After weeks of discussion, the Newtown Board of Finance sent the town's municipal and education budgets to the Legislative Council Wednesday night -- the latter with a recommended $750,000 cut that board members said could prevent larger problems for schools in the future.
The Board of Education had asked for a 6.26% increase to fund sought-after goals, including unarmed school security and full-day kindergarten. Along the way, school officials hoped to address maintenance, staff and technology issues they said had been neglected for too long. But at Wednesday's meeting, finance officials told the board some of those might have to wait.
"The more we add now, the more pain we're going to have later," said finance board member Joe Kearney. "I believe this allows for full-day kindergarten -- with some adjustment. I think it also allows for [unarmed security] in the main -- with some adjustment."
The cut reduces the education budget to a 5.5% increase from the 2012-13 budget, down from the 6.26% increase proposed by the board in February. At that time, board members said it was time to get schools back on track with their seven-year technology plan and to "play catch-up" on building maintenance.
"We've reduced it in the past years down to basically nothing," said chair Debbie Leidlein at that time.
The Board of Finance took four tries to find a number a majority could agree on. The first attempt at a proposal, from Richard Oparowski, called for a $1.5 million cut. Other numbers put to a vote: $1.164 million from Kearney and $650,000 from Carol Walsh.

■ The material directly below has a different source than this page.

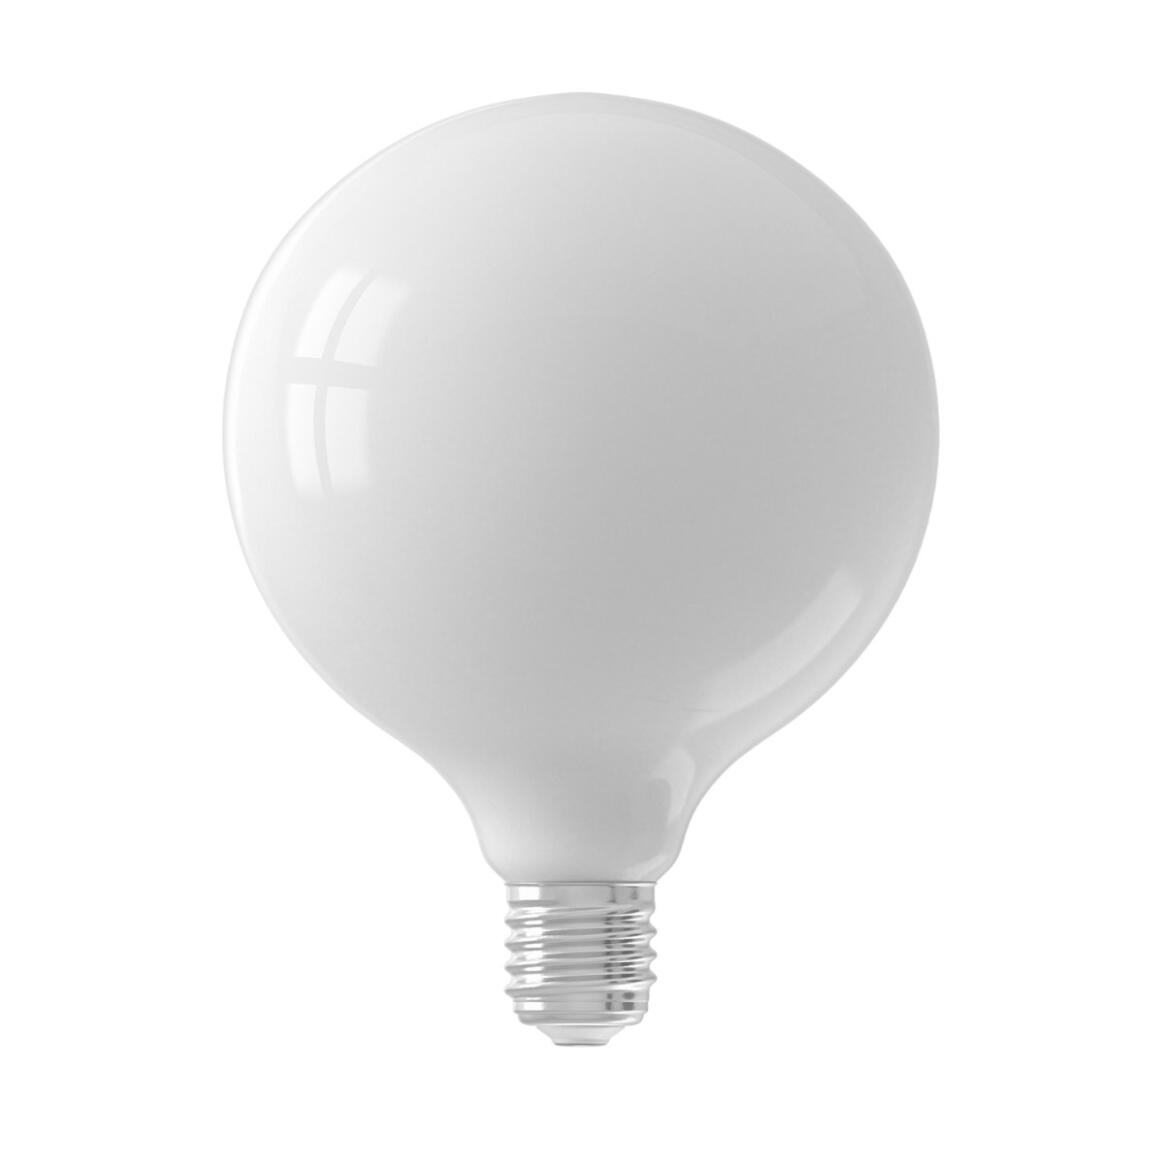 Ampoule globe LED blanc laiteux à intensité variable E27 6W 2700k 650lm 12.5cm main product image
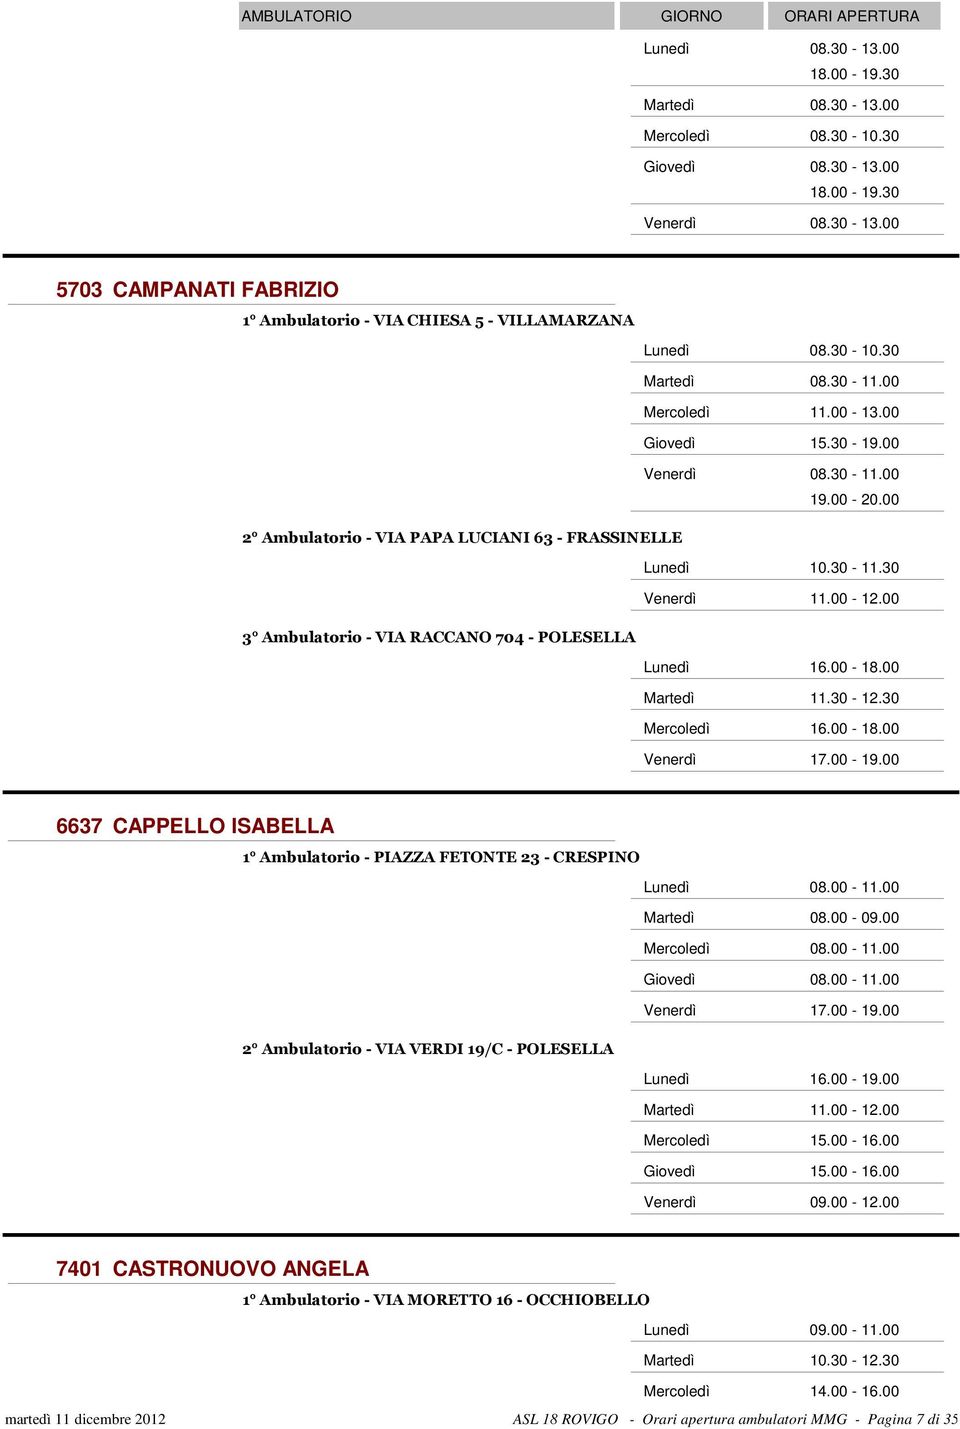 30 6637 CAPPELLO ISABELLA 1 Ambulatorio - PIAZZA FETONTE 23 - CRESPINO 08.00-11.00 08.00-09.00 08.00-11.00 08.00-11.00 2 Ambulatorio - VIA VERDI 19/C - POLESELLA 15.00-16.

The $750,000 figure, proposed by chair John Kortze, passed, with Oparowski and Kearney opposed.
During the meeting, officials put the board's request under scrutiny, questioning costs in areas like enrollment, school maintenance, technology and requests for additional staffing.
"When a good chunk of [school security] is on the town side, and we're looking at a Board of Education request in the area of 6%, I think these are valid questions," said Kortze.
"Now it's so much more important that the voters vote in favor of this budget," said Leidlein after the meeting. "We have a level we can work with. But it's going to be critical that voters support this budget as it moves forward, in order that we can accomplish what we need to accomplish ... If they don't, we'll have to make difficult choices."
Leidlein said she wasn't sure whether the board would adjust the budget immediately or wait until numbers from the Legislative Council or the voters of Newtown reach their desks.
"We haven't had that conversation yet," she said. "I think we're going to have to look at the recommendations the Board of Finance made ... We as a board are going to have to discuss them and decide if that's where we want to make changes, or if we'll look at other areas."
Town Budget Passes With Increase
After cutting funds in some areas, including fuel, the board approved a town budget with a recommended $529,210 increase, according to finance director Robert Tait. The number includes The board also recommended a $1,600 raise for Newtown Police Chief Michael Kehoe and a $1,000 raise for Captain Dan Rios.
A misjudged point of meeting procedure affected private schools. The board voted Monday to establish a $180,000 one-time grant to fund security Newtown's three private schools -- or $60,000 per school. During the meeting, Kortze announced that, because of a misunderstanding, that vote was invalid -- meaning private schools will receive $10,000 less than they had thought after Monday's meeting.
In total, officials recommending cutting $210,678 from budgets at the Board of Finance level, leaving two budgets that stand at more than $110 million combined. Per charter, the budget now moves to the Legislative Council. The council's Administration and Finance Committee will meet Thursday night to review the budget, according to their agenda.